Latest EU sustainability regulations in brief

Background

In April 2024, the European Parliament has formally approved three new regulations that will most likely also impact Vietnamese manufacturers. These regulations are a part of the European Union’s drive towards sustainable growth and higher adherence to social and environmental standards in the European market and global supply chains. The enforcement of these regulations is expected to take place in stages, starting 2026. A brief overview of these regulations is given below.

Corporate Sustainability Due Diligence Directive (CSDDD)

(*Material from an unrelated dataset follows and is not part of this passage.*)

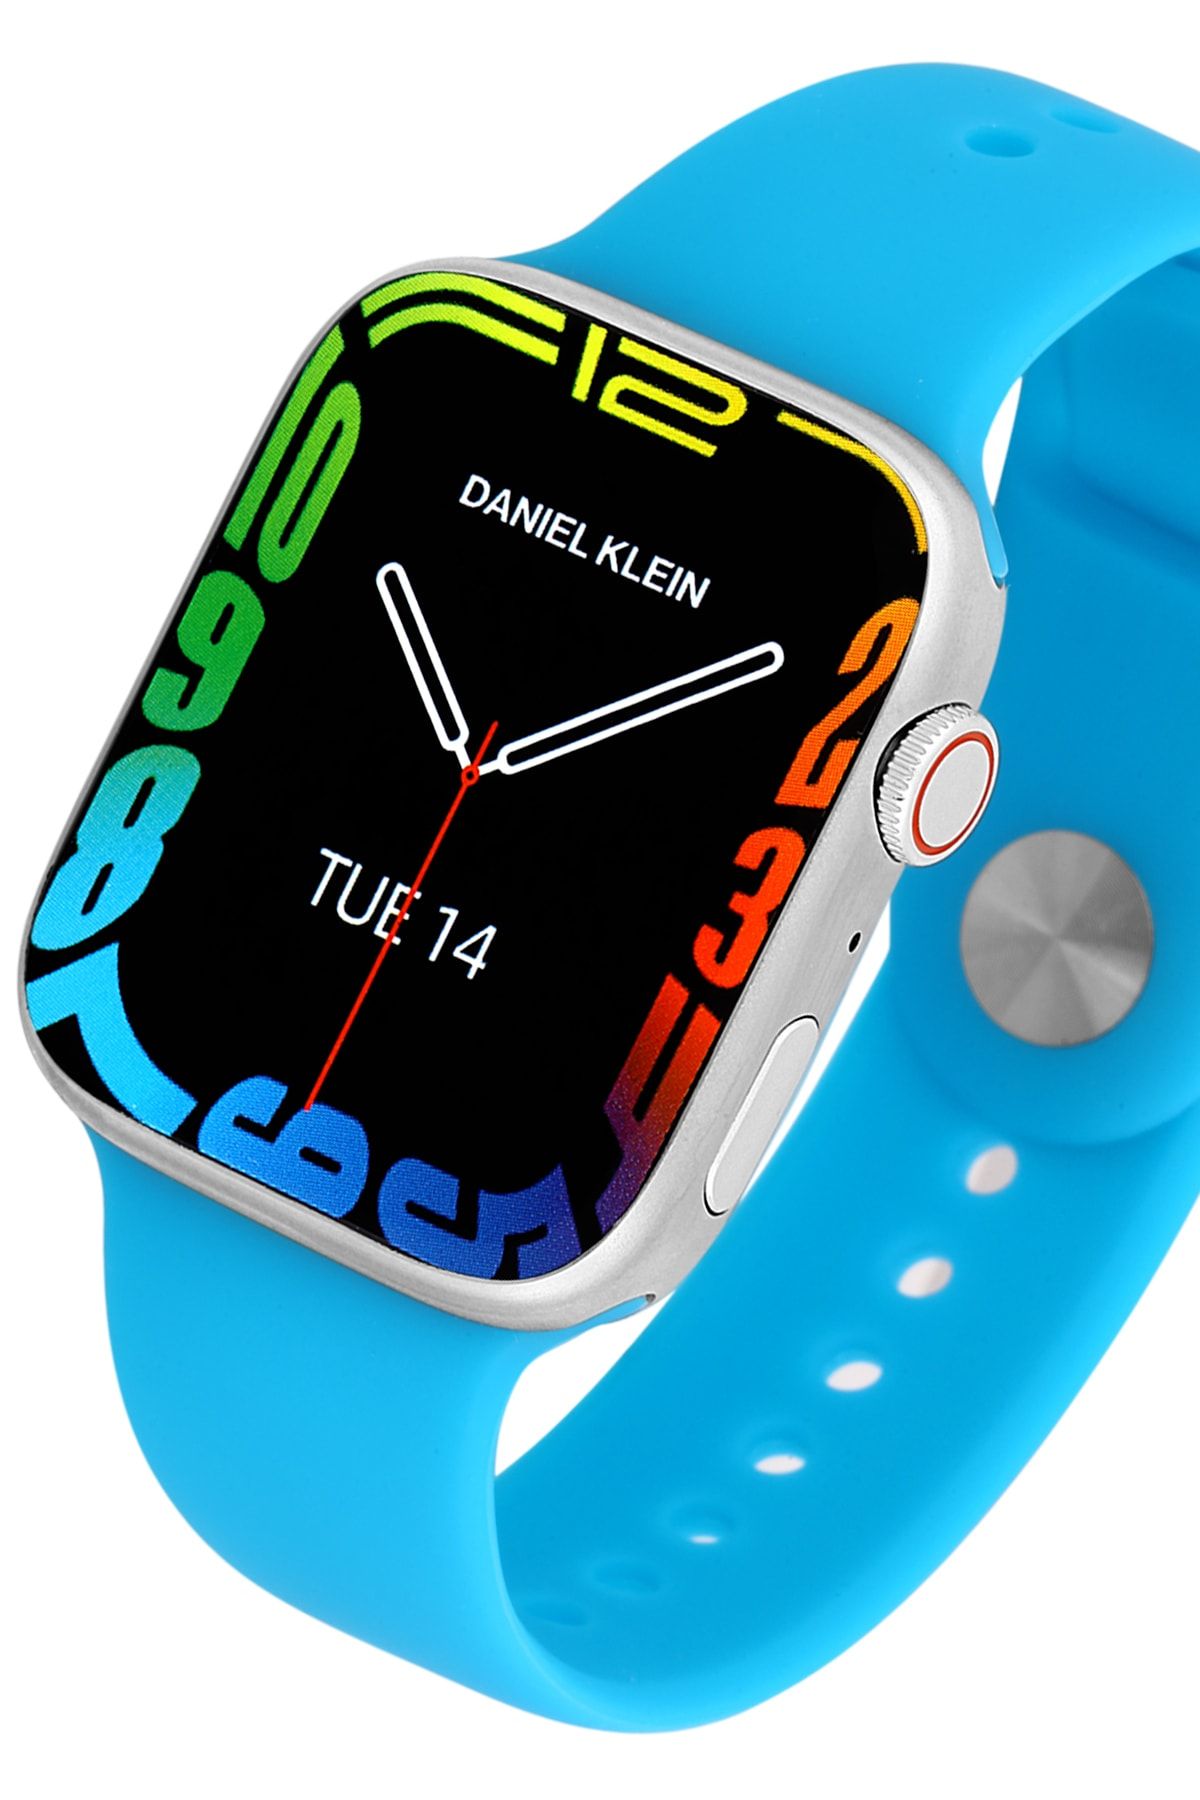 Daniel Klein Smart Watch - Akıllı Saat, Ios-android Uyumlu, 1.95 Inc, Çelik Kasa, Konuşma Özellikli Elg21

Large companies operating in the EU market will be required to identify, prevent, and mitigate risks deriving from their business activity on social or environmental issues, and compensate for negative impacts – both, in their own operations and along their supply chains. In comparison to national legislations, such as the German Supply Chain Due Diligence Act, the EU regulation is more comprehensive in terms of its thematic scope (includes more environmental and climate issues), coverage of the supply chain (entire supply chain, not only direct suppliers) and higher sanctions for non-compliance. It also allows affected parties outside the EU to sue a company for damages stemming from violations in front of a European court. What is also new is not only companies registered in the EU are in scope, but also non-EU companies with a minimum net turnover of EUR 450 million/year. CSDDD has been approved by the European Council and all member states will have to pass corresponding national legislation, meaning existing national Due Diligence laws would be “overruled”.

Eco-design for Sustainable Product Regulation (ESPR)

The ESPR establishes a framework to set eco-design requirements for specific product groups to significantly improve their circularity, energy performance and other environmental sustainability aspects. Under the ESPR, specifications for most product groups will be developed, setting standards on a range of characteristics, including recycled content, carbon and environmental footprint, substances used in the product, durability, reusability, upgradability, and reparability, or energy and resource efficiency. The specifications on the requirements for each product group will be defined by the European Commission earliest in the second half of 2025.

With the ESPR, the European Union aims to make products that are more circular and produced with less environmental impact the default on the market. In addition, the ESPR will require products sold in the EU market to have a “Digital Product Passport” to provide information about its environmental sustainability.

Forced Labour Prevention Regulation

This regulation bans all products made with forced labour at any point in the supply chain from the EU market (including online sales). Forced labour is defined in line with International Labour Organisation (ILO) definitions. The regulation complements the supply chain monitoring obligations for companies set under the CSDDD. It exceeds insofar as all types and sizes of companies and industries are in scope and the enforcement authorities may ban individual products from being placed, sold to, or exported from the EU market at the expense of the economic operator.

Expected implications for Vietnamese manufacturers

As Viet Nam is further integrating into global supply chains, with a large number of companies supplying for multinational enterprises or directly exporting to the European market, the recently approved regulations can affect Vietnamese companies in the following aspects.

Supplier consideration: Buyers will increasingly consider the adherence to social and environmental standards in the selection of their suppliers. Sustainability will become even more of a competitiveness factor.

Data and transparency: (European) buyers will request more information on a range of sustainability issues from their business partners, like environmental performance of the supplier, including GHG emissions, adherence to international labour standards (focus on ILO core conventions), type and origin or material used in production, or supply chain partners.

Shared responsibility: Regulations like the CSDDD emphasize the responsibility of buyers to take an active role in the mitigation of risks in their supply chain. Buyers cannot simply “outsource” obligations to suppliers; they need to actively share responsibility with business partners in identifying and preventing violations of sustainability standards themselves, ask cooperation of suppliers to take remedial action, and have supportive measures in these regards.

Product design: New products going to the EU market will have to follow more stringent sustainability requirements and demand significant consideration and modification from producers. Some of the specifications will require manufacturers to innovate on products, processes, and business models.

Monitoring and complaint mechanisms: Checks on labour adherence in form of audits or (third party) inspections will likely increase. Suppliers will also be increasingly requested to set up an effective company-internal complaint mechanisms and ensure protection of those utilizing the procedure.

How can manufacturers prepare?

  • Get familiar with due diligence obligations and eco-design requirements. Consider additional training for your staff on new requirements and procedures.
  • Set up internal data management systems to maintain proper documentation of processes, procedures, and production data to provide necessary information for possible audits. Analyse the data and define measures to continuously improve your performance.
  • Analyse existing and potential risks within your own business operations and supply chains and take appropriate measures to reduce, cease or mitigate these risks.
  • Engage in a dialogue with your customers on future expectations and communicate the need for support to meet their requirements.
  • Seek support from external entities such as the Responsible Business Helpdesk (RBH) at VCCI, or suitable service providers.